I was spending a few days at the Pousada Ecológica Seringal Cachoeira which stands in a preserved part of the jungle near Xapuri in the state of Acre in the far northwest of Brazil. So far west, in fact, that it’s in a different time zone from the rest of the country. This is where Chico Mendes first worked on the rubber plantations before his assassination in his house in Xapuri in 1988. Chico organised the rubber-tappers into a union and also fought in direct confrontation with the landowners, loggers and ranchers who began moving in and turning the forest into pastures and farms for cattle.
My guide for the three days, Francisco, was related to Chico and he had great stories to tell. His first wife came from a family who lived in the jungle and her father taught him much about the plants, trees and animals of the forest. Plus, he has worked there for 48 years and his knowledge of the surrounding nature was staggering. He delighted in tearing leaves of trees and trying to get me to identify them through smell. I correctly got cinammon, but the next was more fascinating – it smelt like an ointment you’d put on a strained ligament and, in fact, that’s exactly what it’s used for.
On our treks into the jungle he showed me not only how to extract the latex from rubber trees (best done before dawn), but also Brazil nut trees, the samauma (the biggest tree in the forest) and the açaí palm from which comes the purple berry which is eaten all over Brazil usually as a kind of frozen yoghurt in a bowl with granola and fresh fruit. It’s one of my favourite things in Brazil and is a must when you’re travelling here.
Another tree which Francisco showed me was what he called quina-quina, good for malaria, he told me. I realised it was where we get quinine from, used to treat malaria for centuries. Wildlife was pretty scarce. Francisco told me that in all his time in the jungle he’s only ever seen a jaguar three times and admitted to being quite frightened. He did a very good impression of one snorting and roaring though.

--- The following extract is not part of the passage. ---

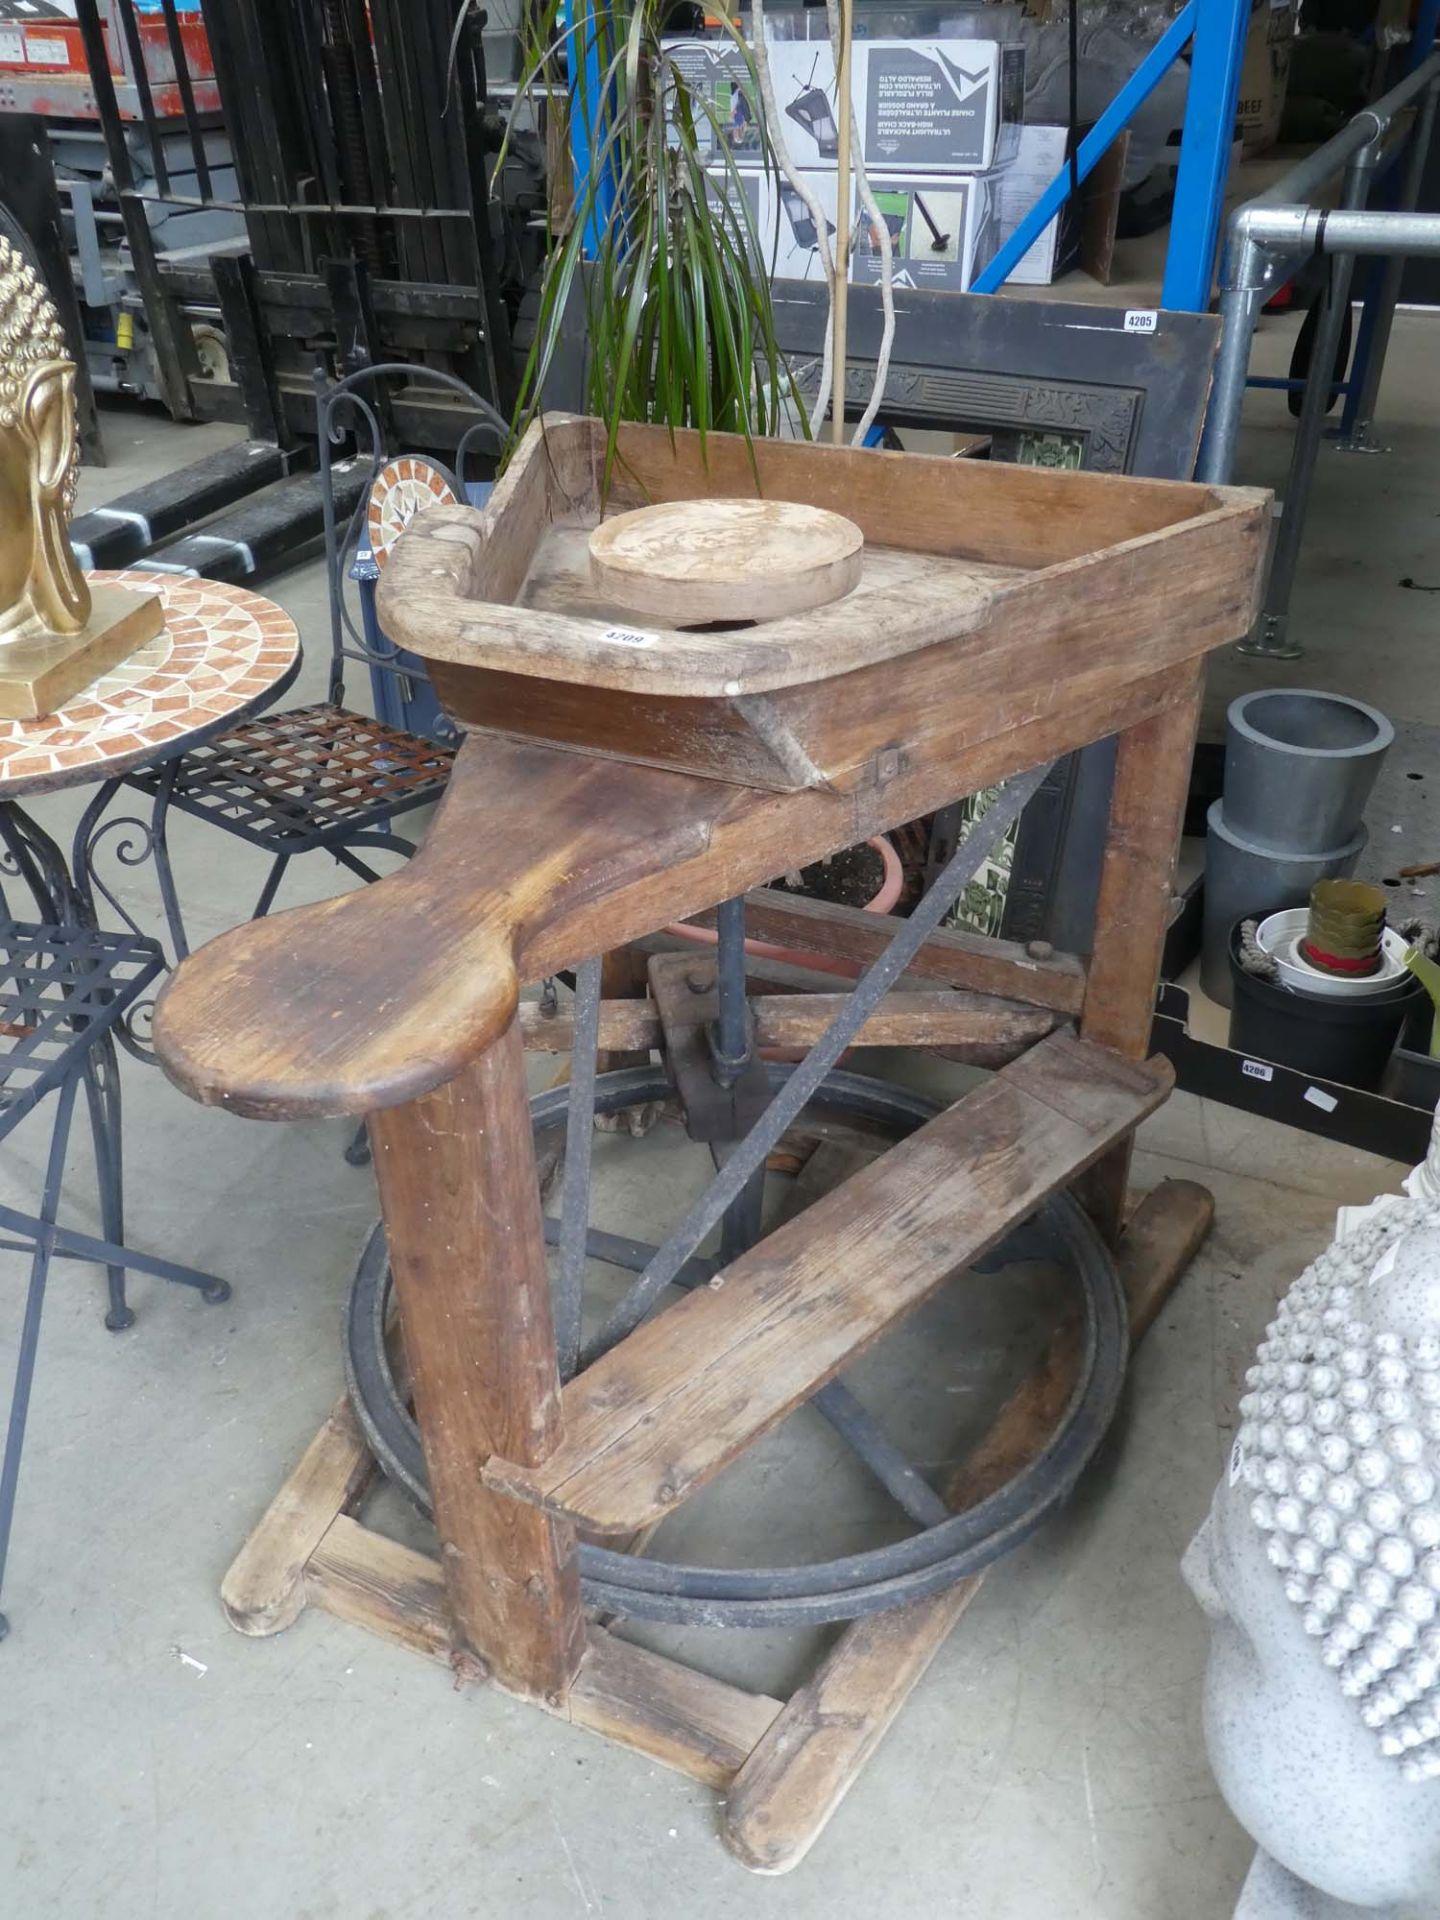 Vintage manual wooden potter's wheel

I travelled there from Brasileia on the border with Cobija in Bolivia and the scenes from the bus are ones of depressing devastation. All the way to Rio Branco and further to Porto Velho in Rondônia, a journey of hundreds of miles, the road is lined with cattle ranches and farms. Occasionally, there is smoke to be seen as fires burn, clearing the way for pastures. On the television screen in the bus station the commercials were dominated by companies selling tractors or pest control; cattle flies can really damage your profits if not treated, we were warned. Nobody seemed too concerned about the damage to the environment.
In these two remote states of Brazil everything seems to be about commerce, raising cattle or popping across the border into Bolivia for cheaper goods. Tourism and indeed ecotourism are not promoted here, with the honourable exception of the Seringal Cachoeira. But when I was there, I was the only guest.

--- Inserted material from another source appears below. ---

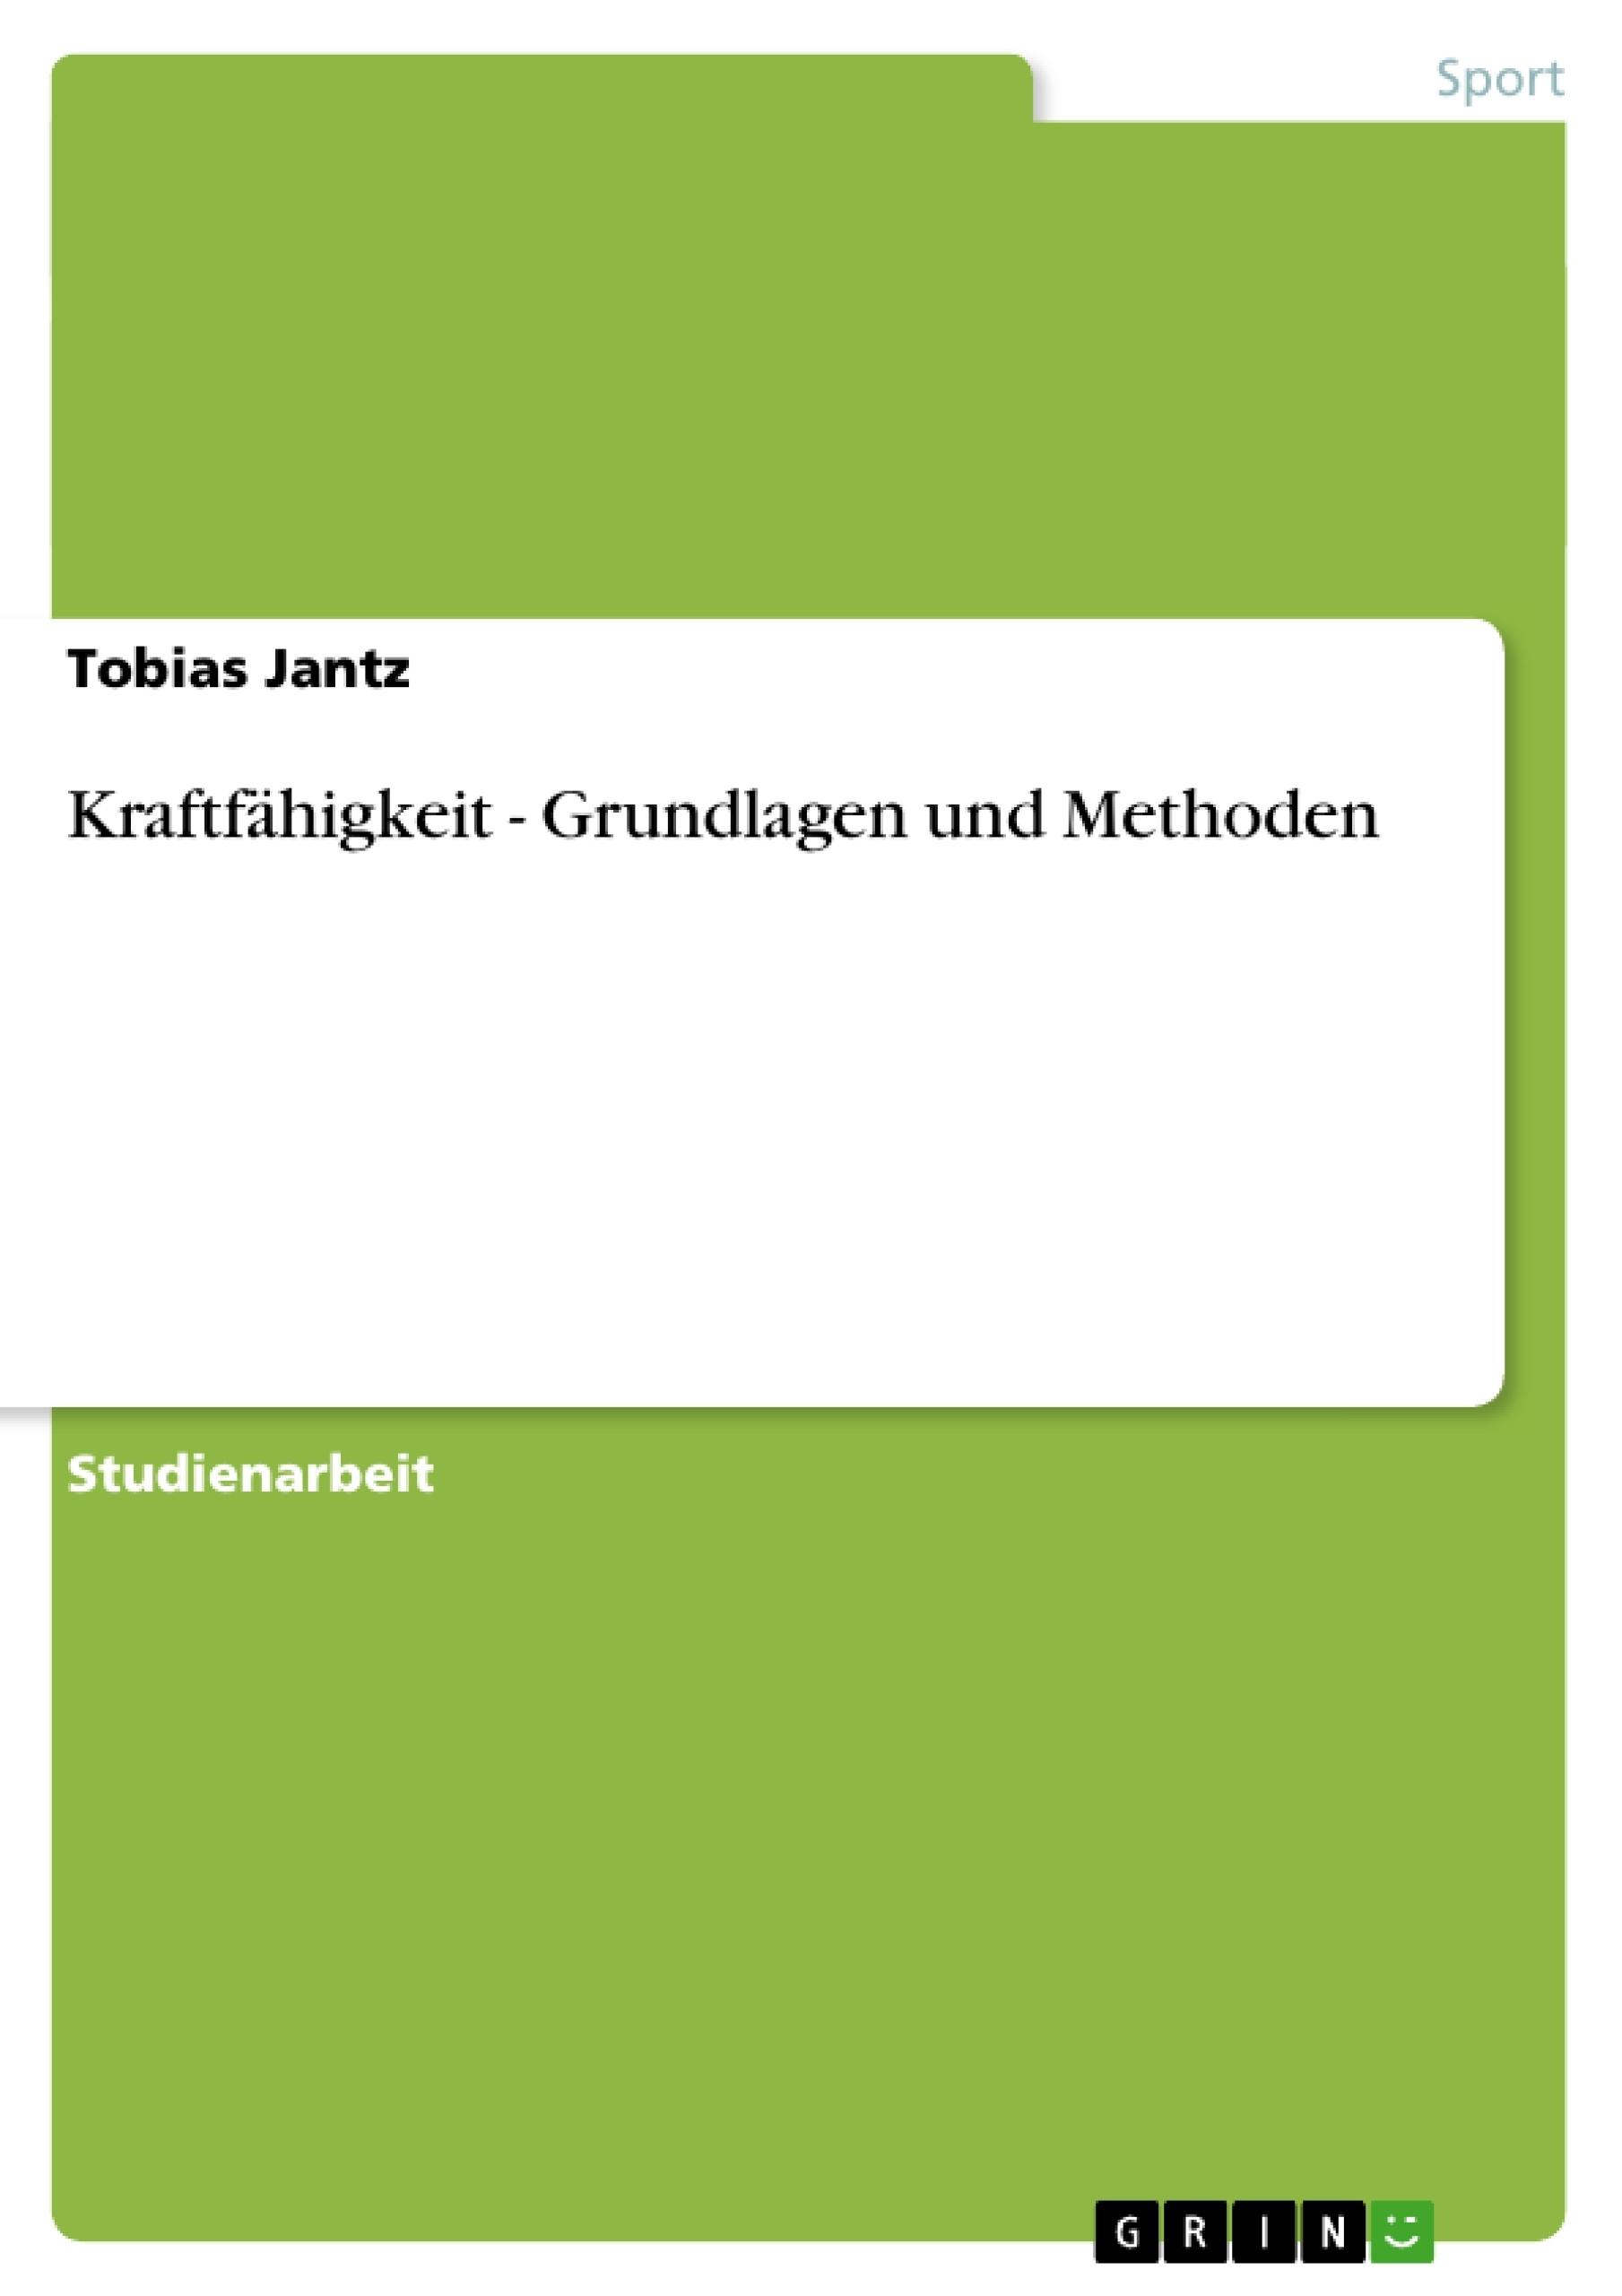 Titel: Kraftfähigkeit - Grundlagen und Methoden

It was a privilege, though, to spend time with Francisco and marvel at how in touch with nature he was. He told me he once spent a year in the jungle and declared that all you need to survive is a lighter and a knife. Not totally true, I replied, pointing to my head, you need knowledge too. He smiled wistfully in recognition, as if aware that that knowledge, like the jungle itself, is slowly disappearing.